As many as 200 coal miners working at the Eastern Coal Fields mines in West Bengal state were stranded underground when power needed to operate the pulley system went out.

“We are trying to rescue the coal miners,” Mamata Banerjee told reporters in the state capital, Kolkata. “You need power supplies to run the lifts in the underground mines.”

Company officials said they had advised miners to move to a location within the mines where there was sufficient ventilation and were trying to get food and water to the men, adding that they were in no immediate danger.

This second disaster in rapid succession — despite promises by power officials Monday that the problem was fixed — underscores India’s weak infrastructure and crisis-management systems and the nation’s struggle to satisfy the needs of its increasingly affluent population and growing industry.

Rolling blackouts are common in Indian cities given an aging grid and a 9 percent electricity shortfall at peak periods, so many houses and companies have backup generators. But the collapse of an entire grid is rare, with the last such failure involving the northern grid occurring in 2001.
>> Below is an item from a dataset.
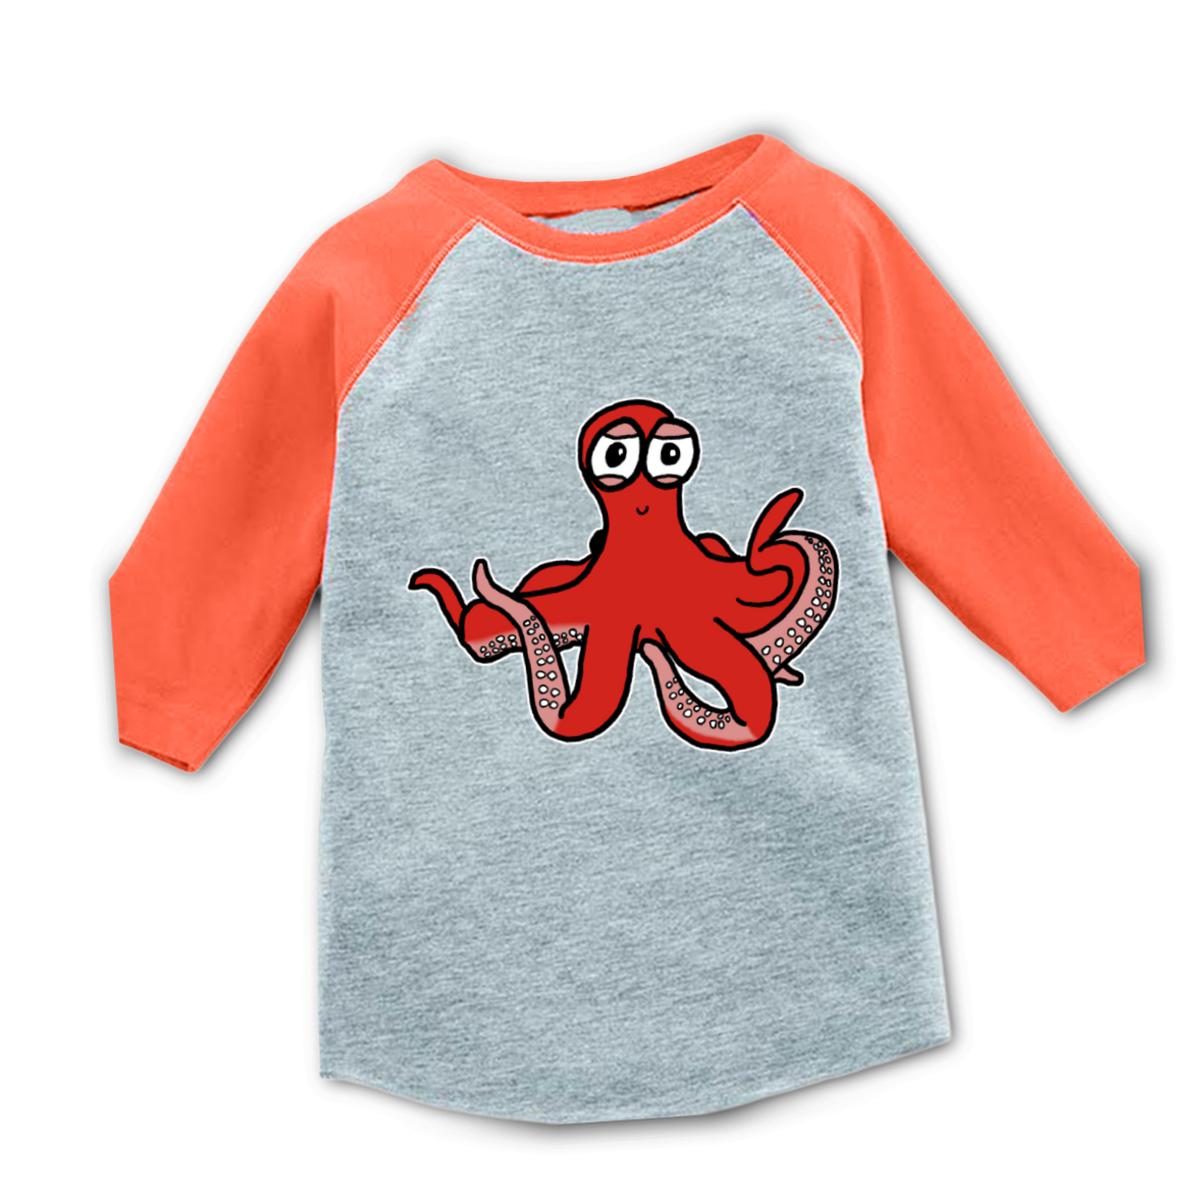 Octopus Toddler Raglan Tee 56T heather-orange
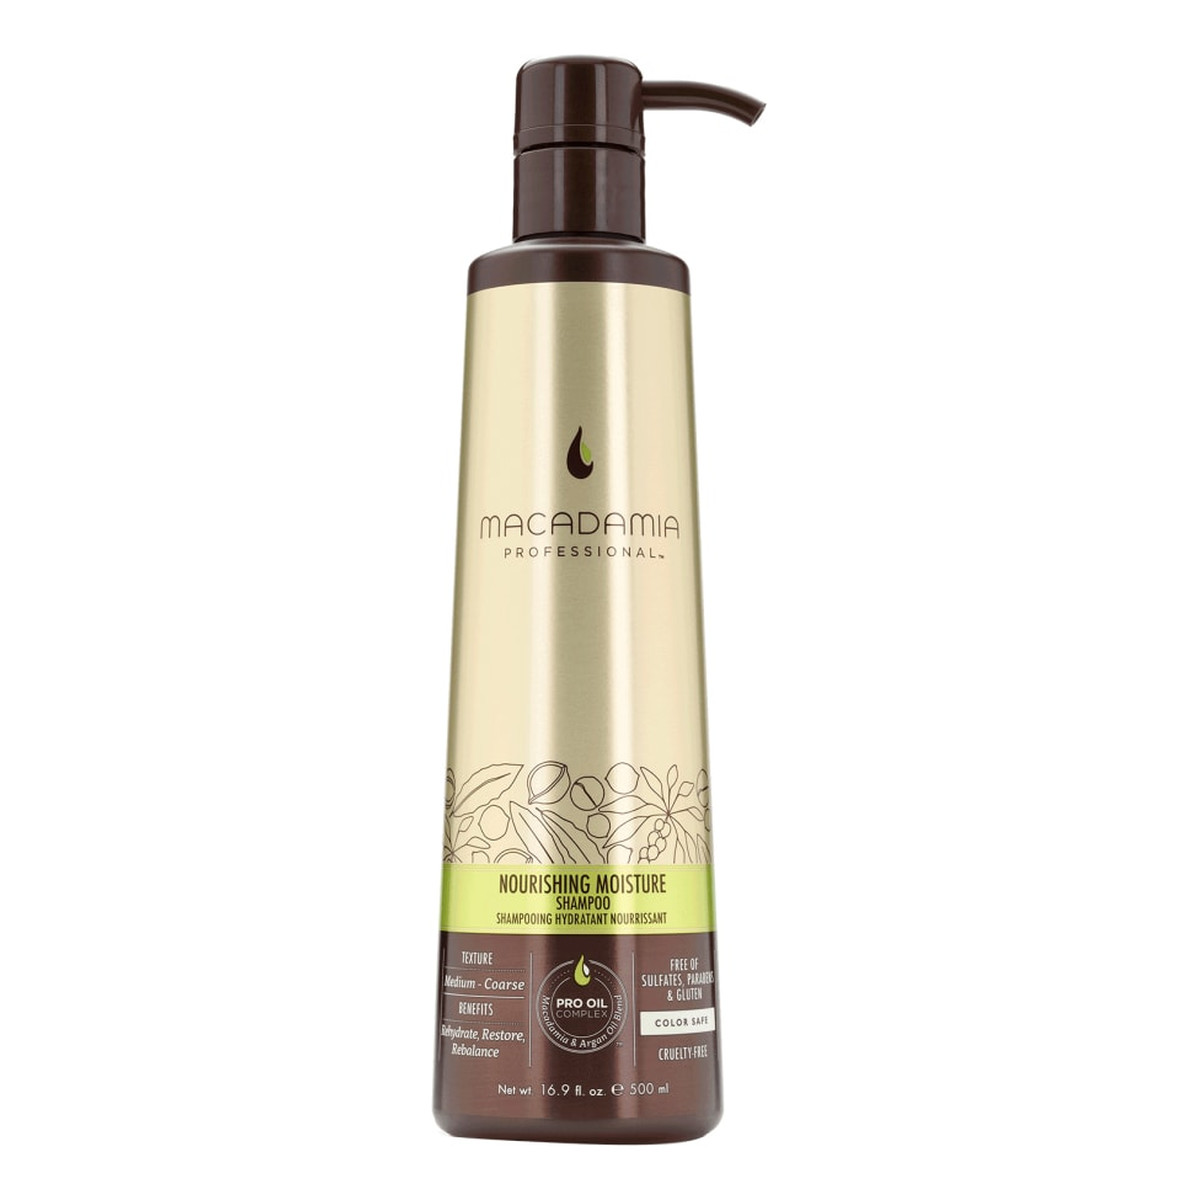 Macadamia Professional Nourishing Moisture szampon do włosów suchych 500ml

Richa Hingorani, who works for a civic group in Delhi, said she figured it was the usual one- or two-hour interruption when electricity first cut out around 2:30 a.m. Monday. But as temperatures rose inside their house, family members became increasingly anxious, fanning themselves for four hours with newspapers until dawn broke.

As Hingorani set off for work, things only got worse.

“With bumper-to-bumper traffic, it took me 40 minutes to travel a distance that should’ve taken 10 minutes,” she said. “Work at the office has suffered. There’s no Internet, and little respite when you leave the office since there are so many crowds.”

The government announced after the first grid failure that it was appointing a three-member panel to study the causes and submit a report within 15 days.